Machine learning algorithms have been widely used to deal with a variety of practical problems such as computer vision and speech processing. But the performance of machine learning algorithms is primarily affected by their hyper-parameters, as without good hyper-parameter values the performance of these algorithms will be very poor. Unfortunately, for complex machine learning models like deep neural networks, it is very difficult to determine their hyper-parameters.

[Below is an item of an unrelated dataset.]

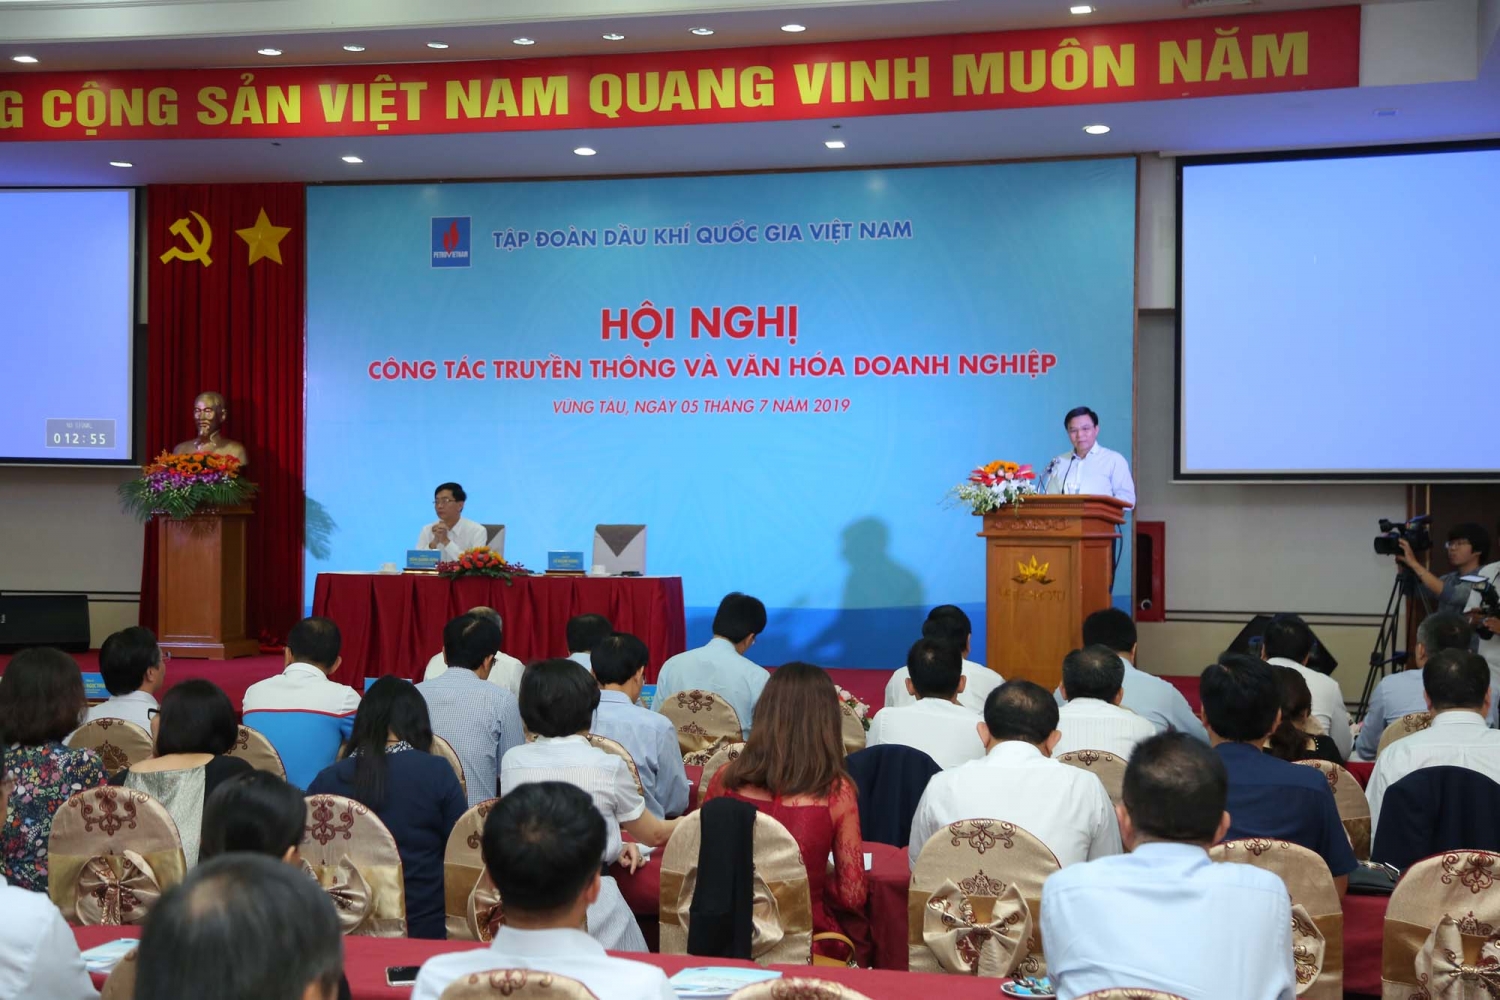 Tập đoàn Dầu khí Quốc gia Việt Nam: Truyền thông góp phần nâng cao vị thế, vai trò của doanh nghiệp Nhà nước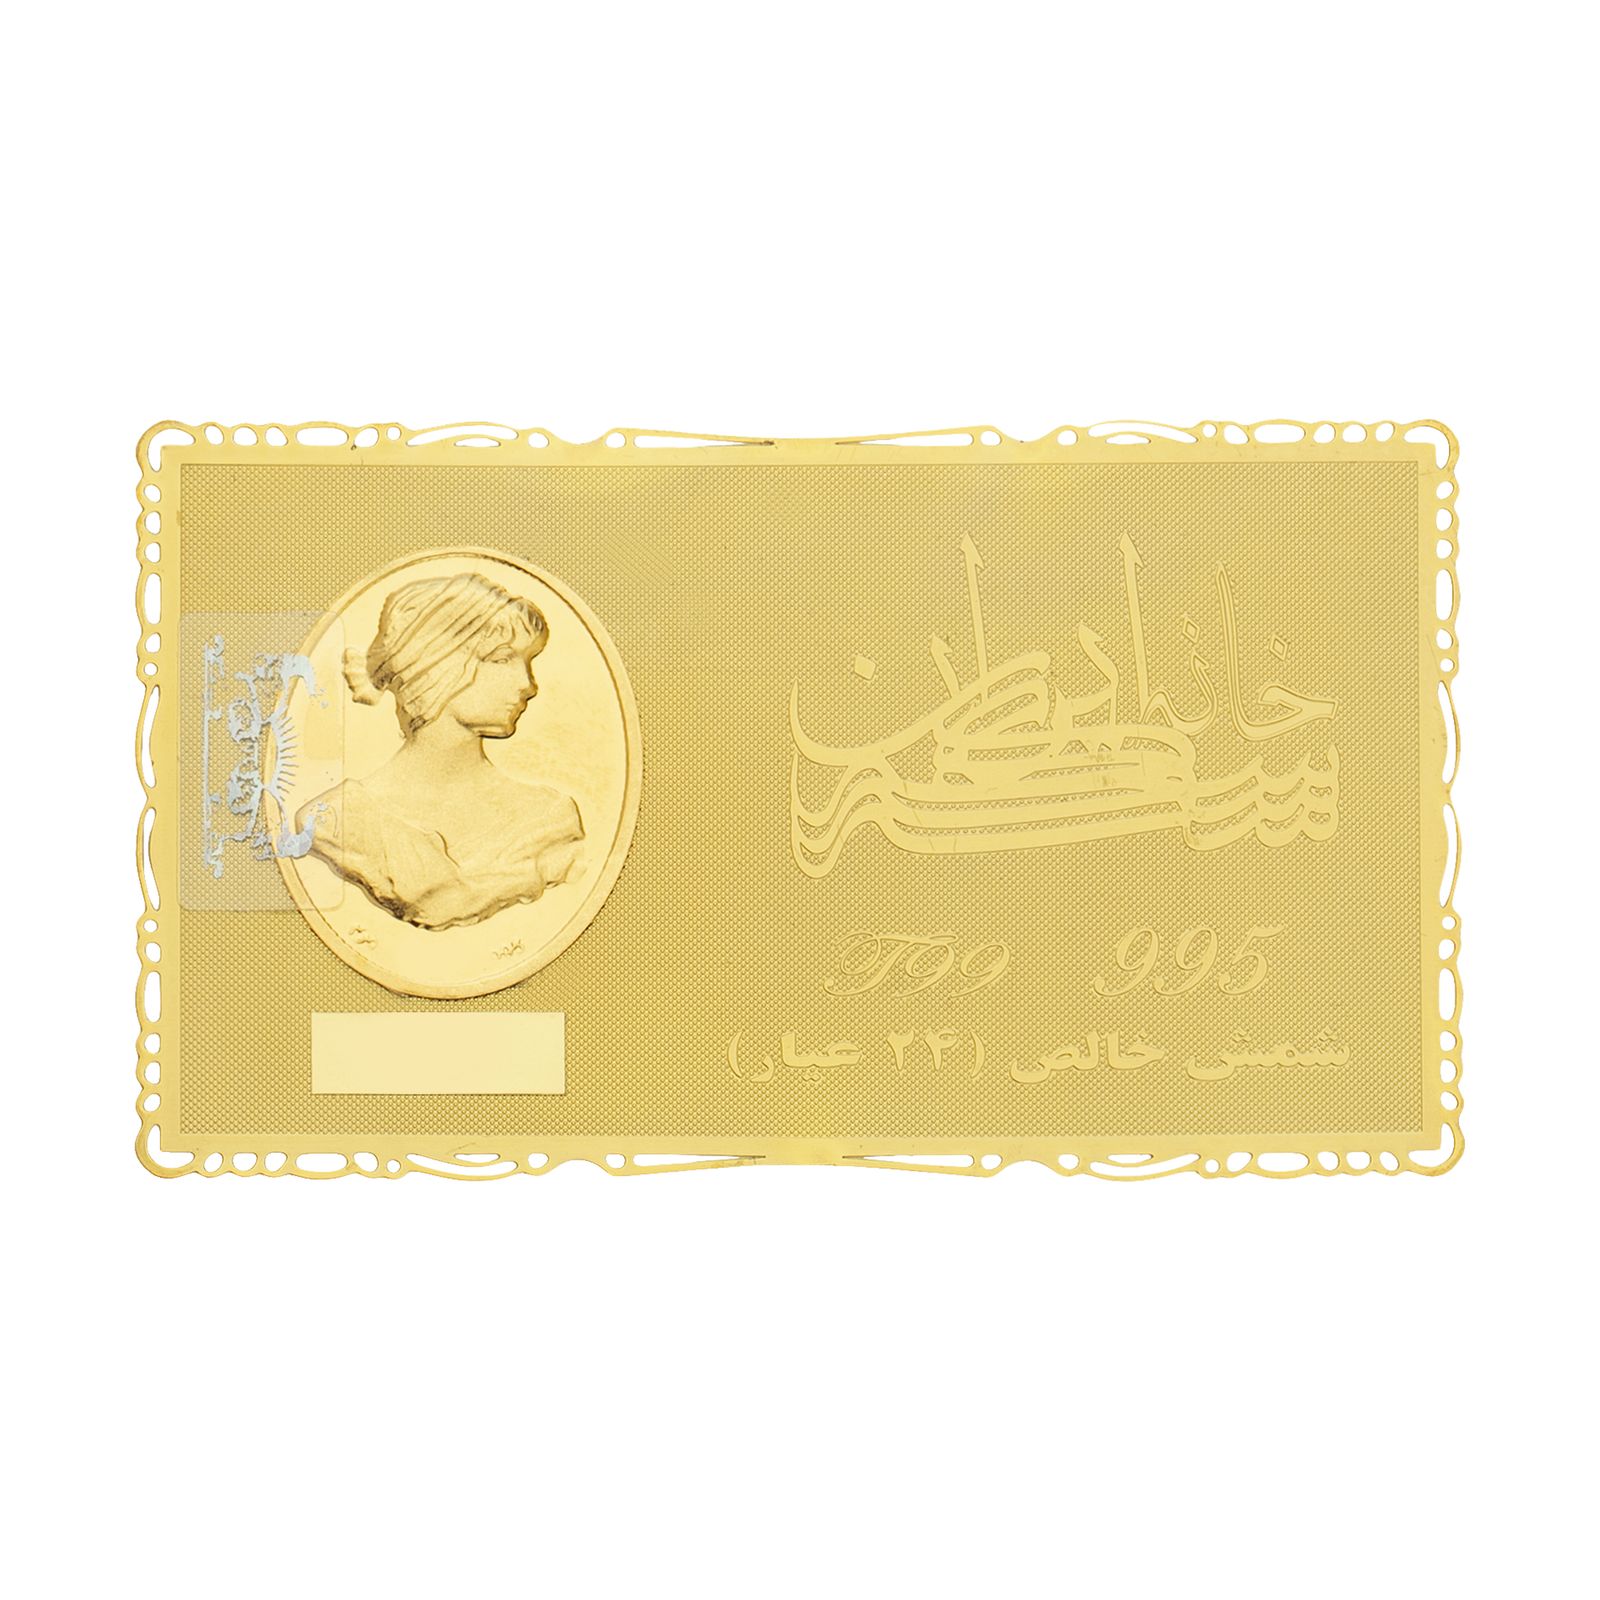 طلا گرمی 24 عیار خانه سکه ایران کد 007 -  - 1

Therefore, it is of great significance to develop an efficient algorithm for hyper-parameter automatic optimization. In this paper, a novel hyper-parameter optimization methodology is presented to combine the advantages of a Genetic Algorithm and Tabu Search to achieve the efficient search for hyper-parameters of learning algorithms. This method is defined as the Tabu_Genetic Algorithm. In order to verify the performance of the proposed algorithm, two sets of contrast experiments are conducted. The Tabu_Genetic Algorithm and other four methods are simultaneously used to search for good values of hyper-parameters of deep convolutional neural networks. Experimental results show that, compared to Random Search and Bayesian optimization methods, the proposed Tabu_Genetic Algorithm finds a better model in less time. Whether in a low-dimensional or high-dimensional space, the Tabu_Genetic Algorithm has better search capabilities as an effective method for finding the hyper-parameters of learning algorithms. The presented method in this paper provides a new solution for solving the hyper-parameters optimization problem of complex machine learning models, which will provide machine learning algorithms with better performance when solving practical problems.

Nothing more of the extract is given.